SR: Yeah, that's something we check for -- resolution that's pretty consistent.
DE: When Kazuto and I were talking earlier during my headquarters visit, he said that the top channel of the Foveon chip, you began to call it "blue channel" because that's where all of the blues were; but it's also absorbing other wavelengths, too, so it's really some kind of a luminance channel. Can you talk a little bit about that to our readers? Maybe I just said everything that you'd say anyway, but how would you explain how you extract the luminance to get that resolution?
SR: As you said, when you absorb [light] into silicon, which is our fundamental principle of separating color information, you don't get the clean "this is blue"; in fact, all three channels absorb all wavelengths, to a certain extent.

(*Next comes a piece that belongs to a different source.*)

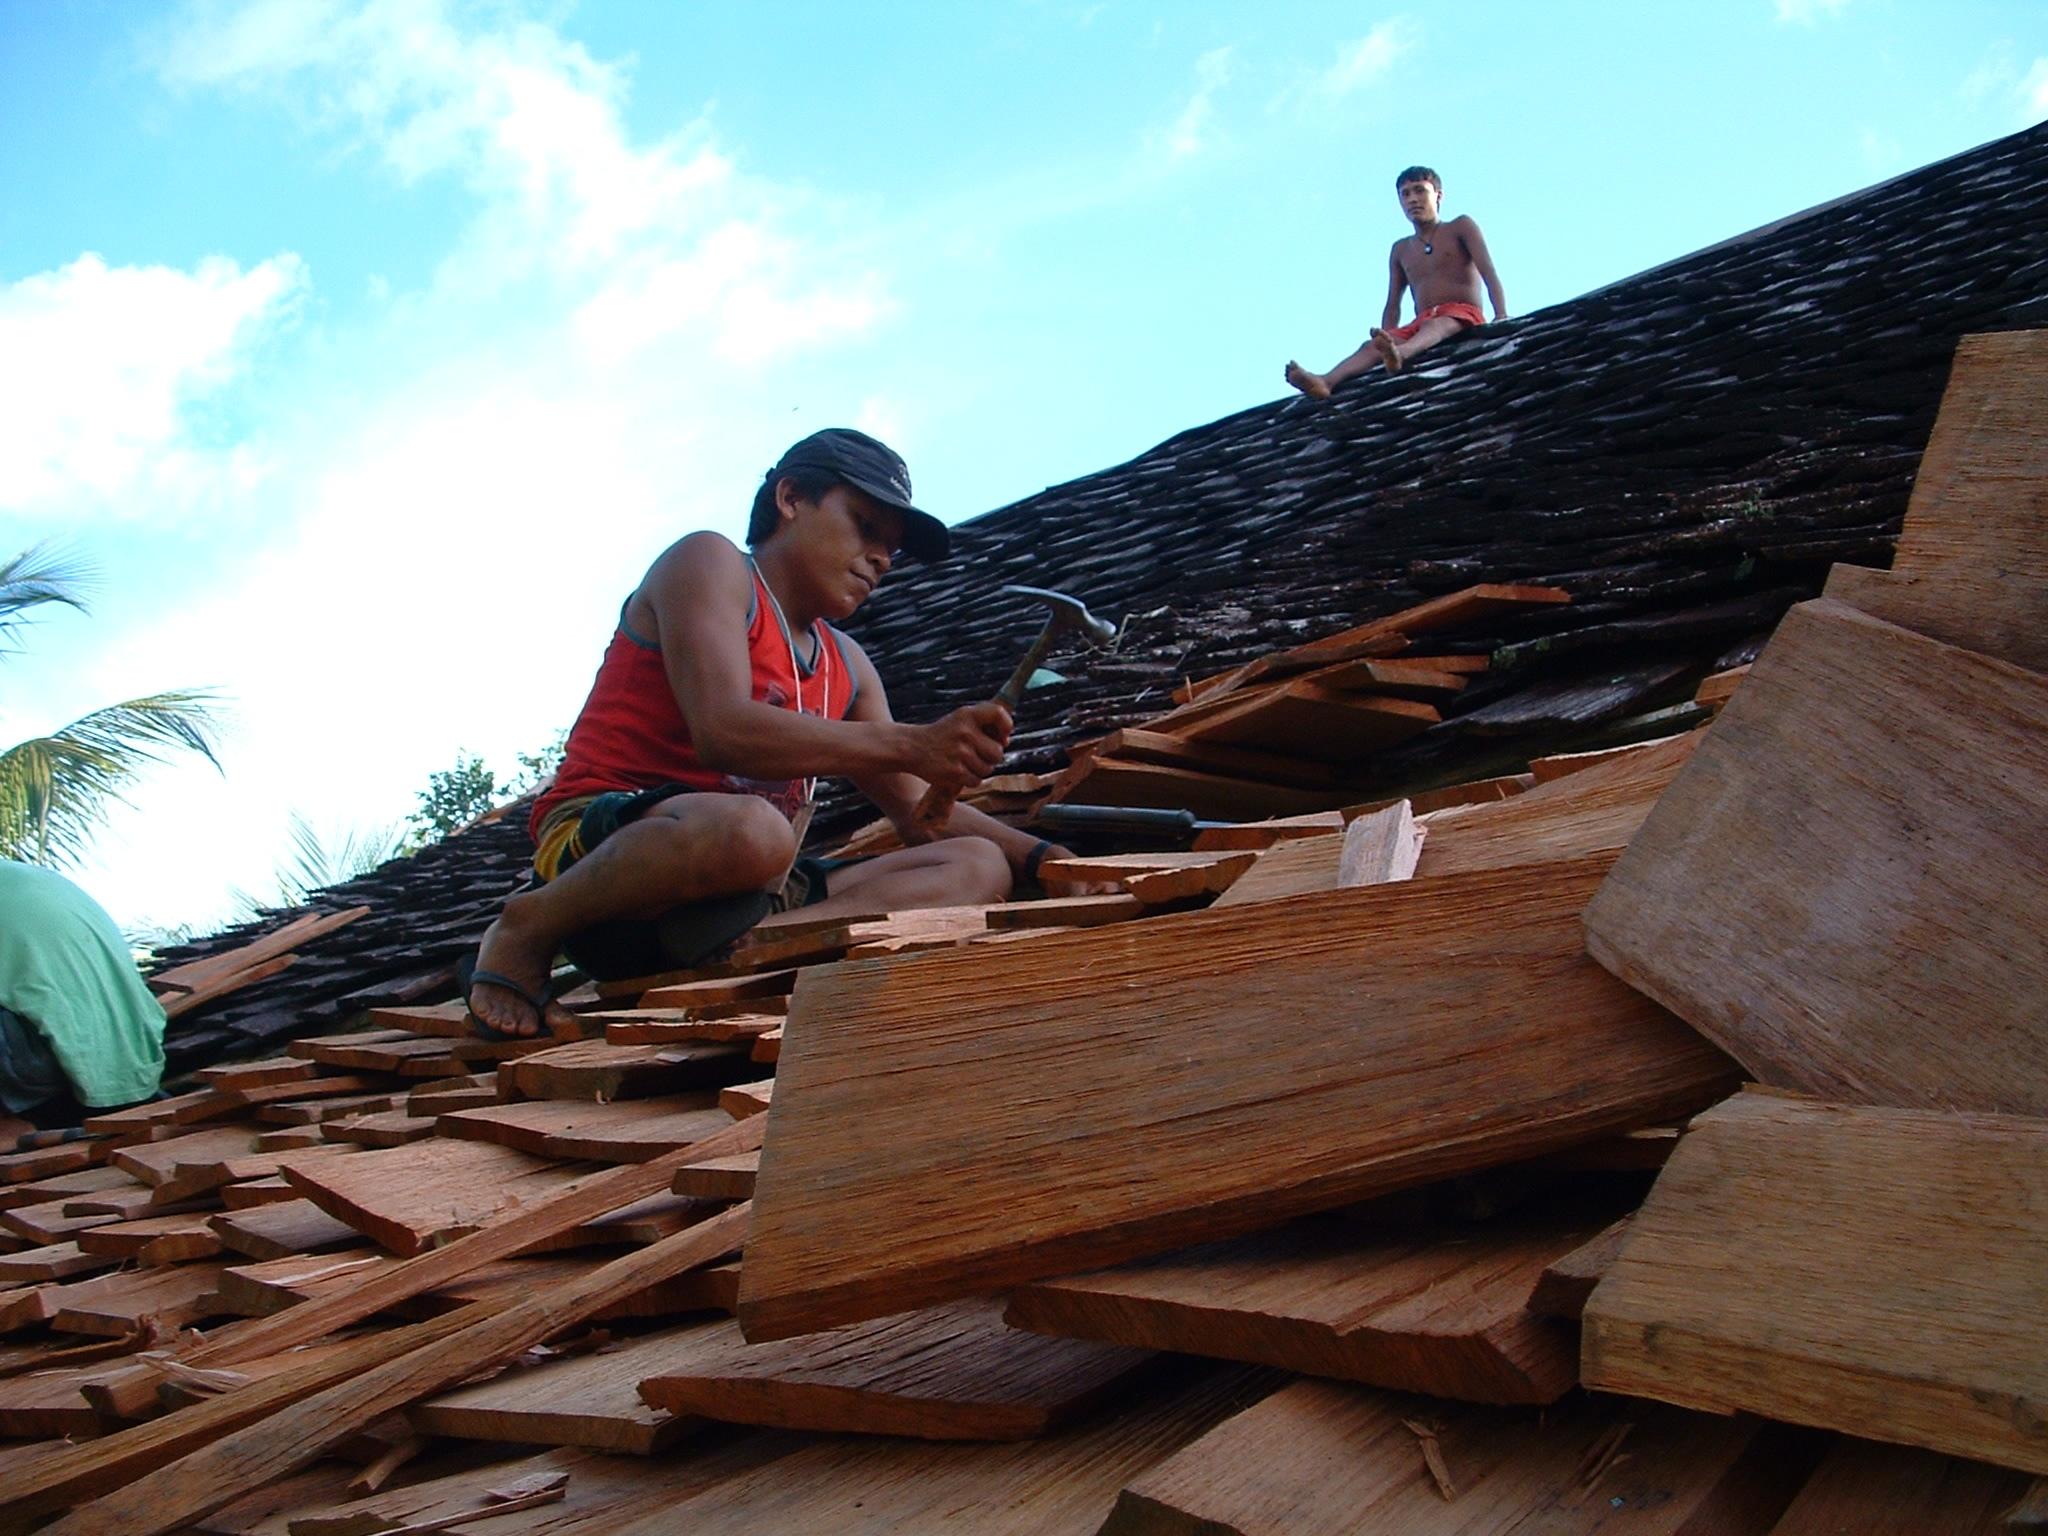 BRA_Yanomami__407 2.jpg

Kazuto Yamaki/Sigma Corporation: We can share the spectral response.
SR: Oh yes, of course.
DE: A spectral curve? Oh yes, that'd be great.
SR: We can fire that up, and meanwhile I can talk. So the point is that in reality -- and you get a lot of broad overlap -- similar to the way the human eye actually responds, the way the retina responds to light, and so because of this broad characteristic, you have a lot of leeway in how you extract information. All three channels in reality are recording color and recording detail. Now it's a matter of, which is the most technologically simple way to do it? Which is the lowest-noise way to extract the information?
DE: Right, right. And of course, the deepest channel, the red channel has very little blue in it at that point -- it's fairly far down.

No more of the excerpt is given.